··· Data for the task ···

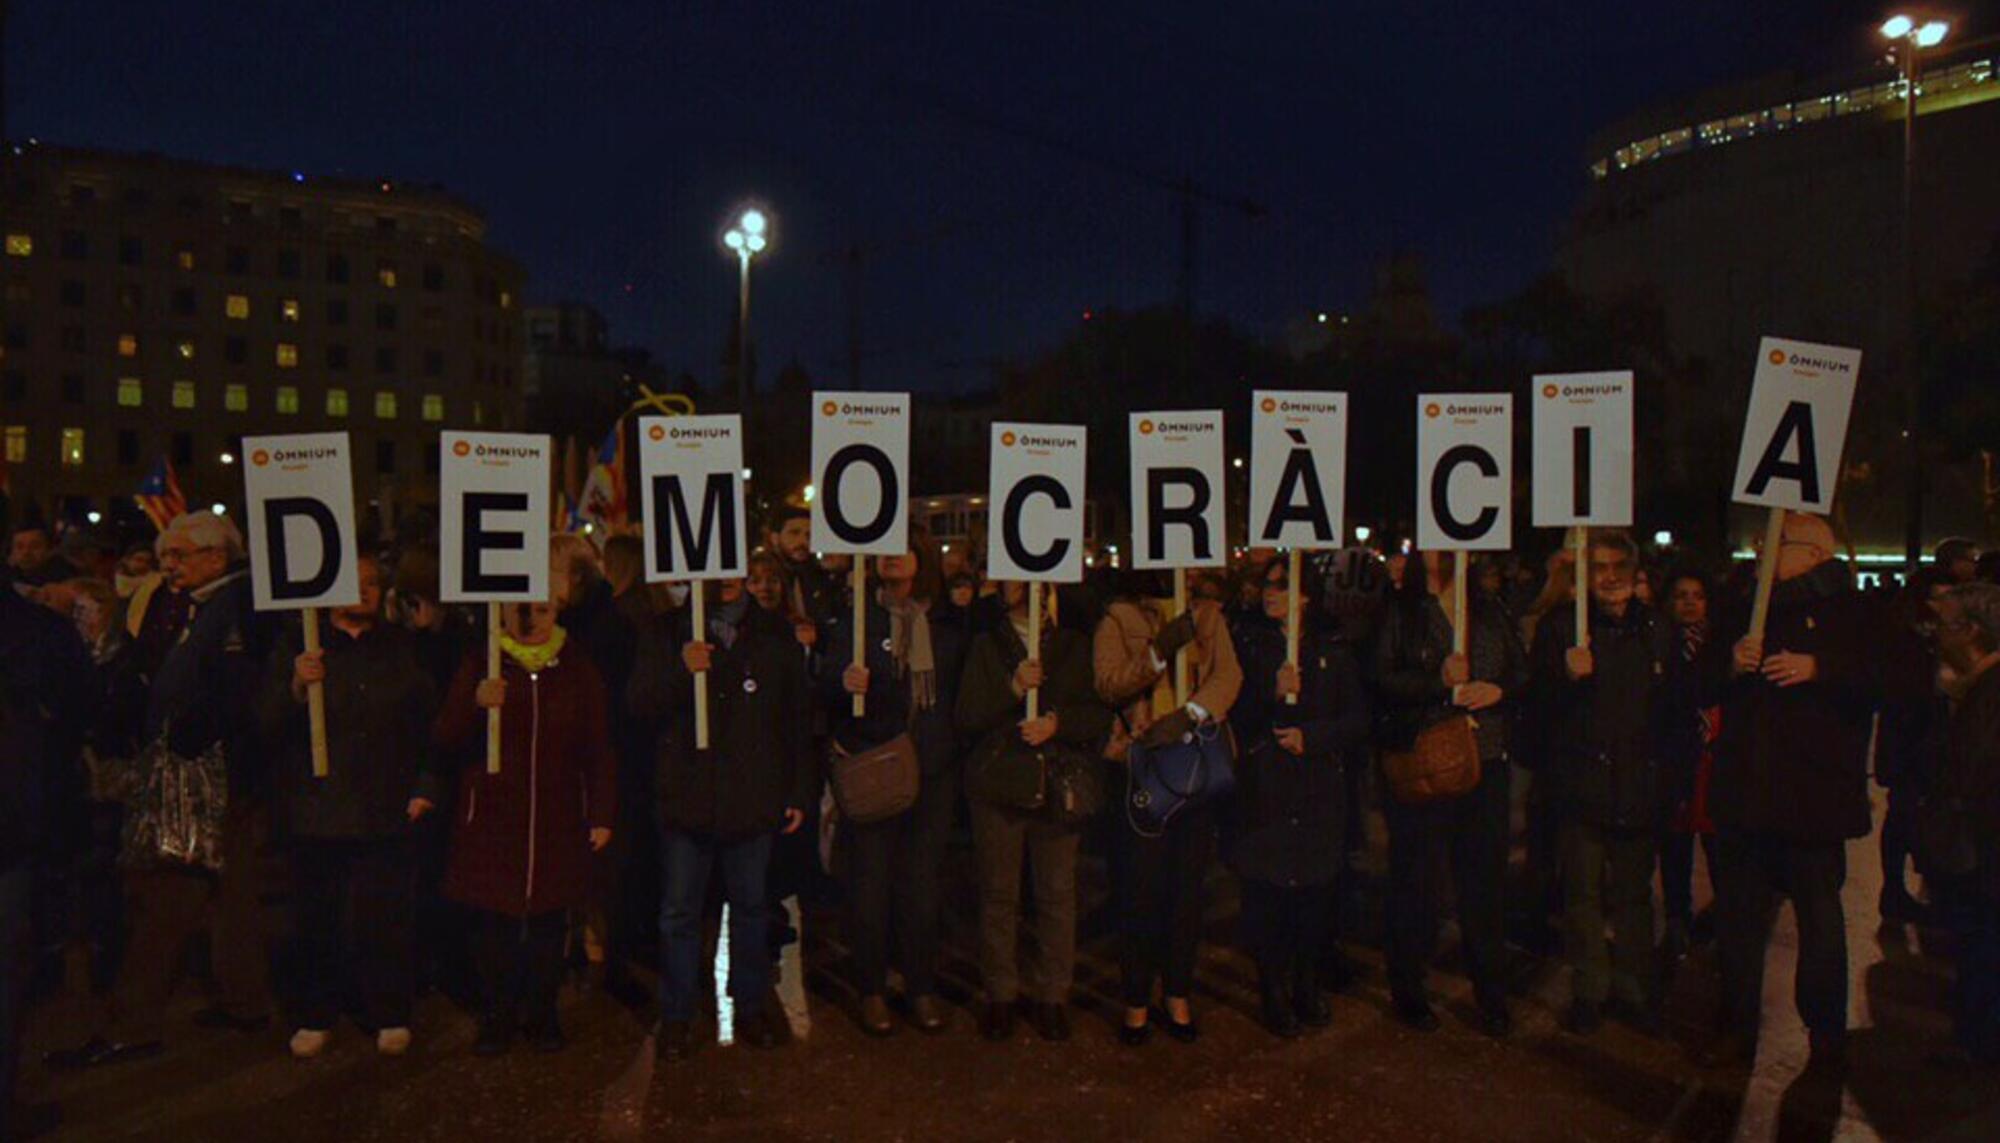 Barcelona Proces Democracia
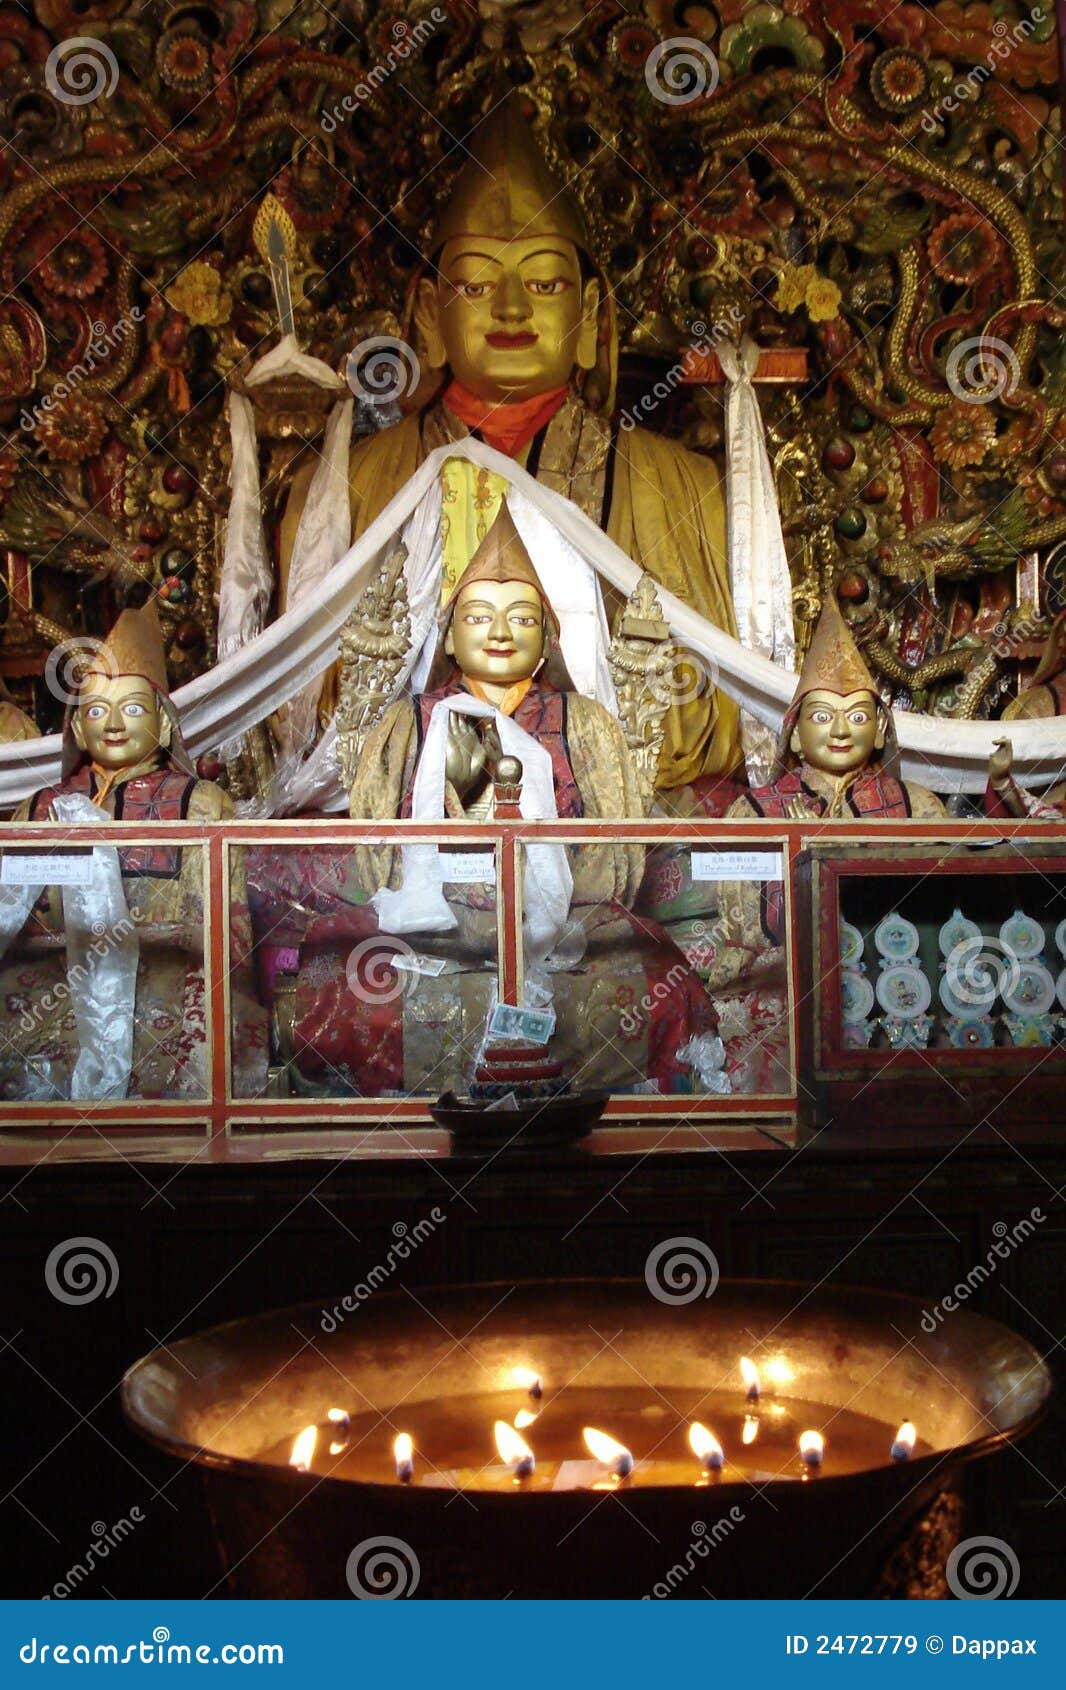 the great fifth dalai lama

···
··· Data for the task ···

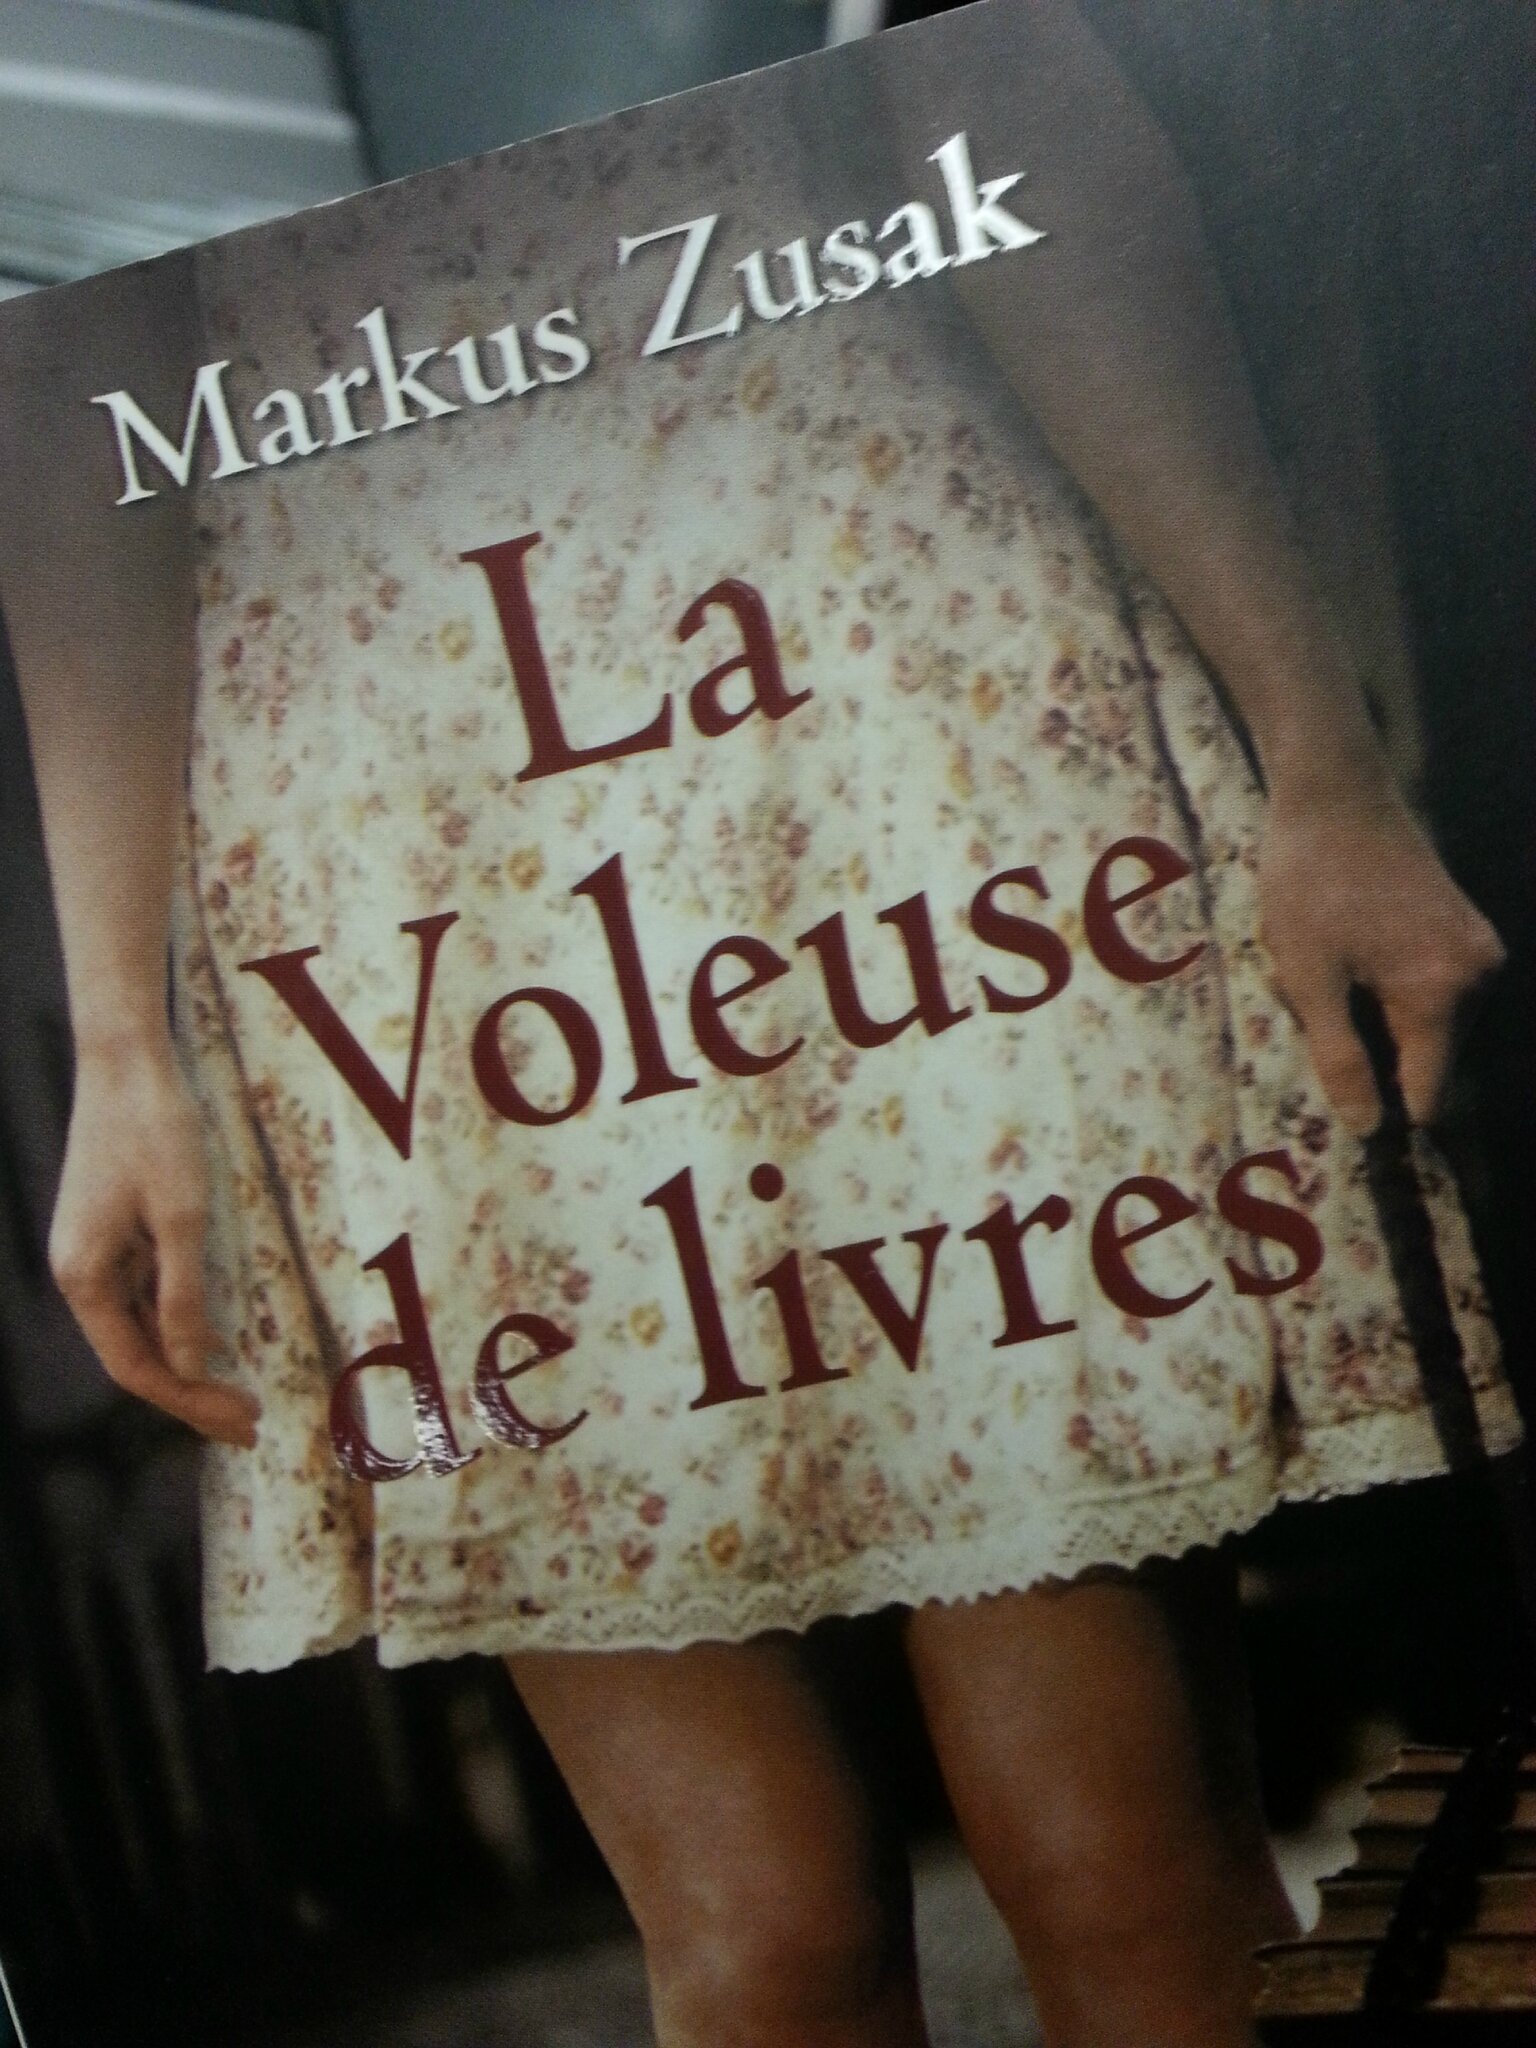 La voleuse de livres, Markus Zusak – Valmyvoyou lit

···

▸ Work instructions:
Your answer must be everything above from the line with "Barcelona Proces Democracia" down to the line with "the great fifth dalai lama", word for word, and no pictures.

▸ Answer space:
 Barcelona Proces Democracia
 the great fifth dalai lama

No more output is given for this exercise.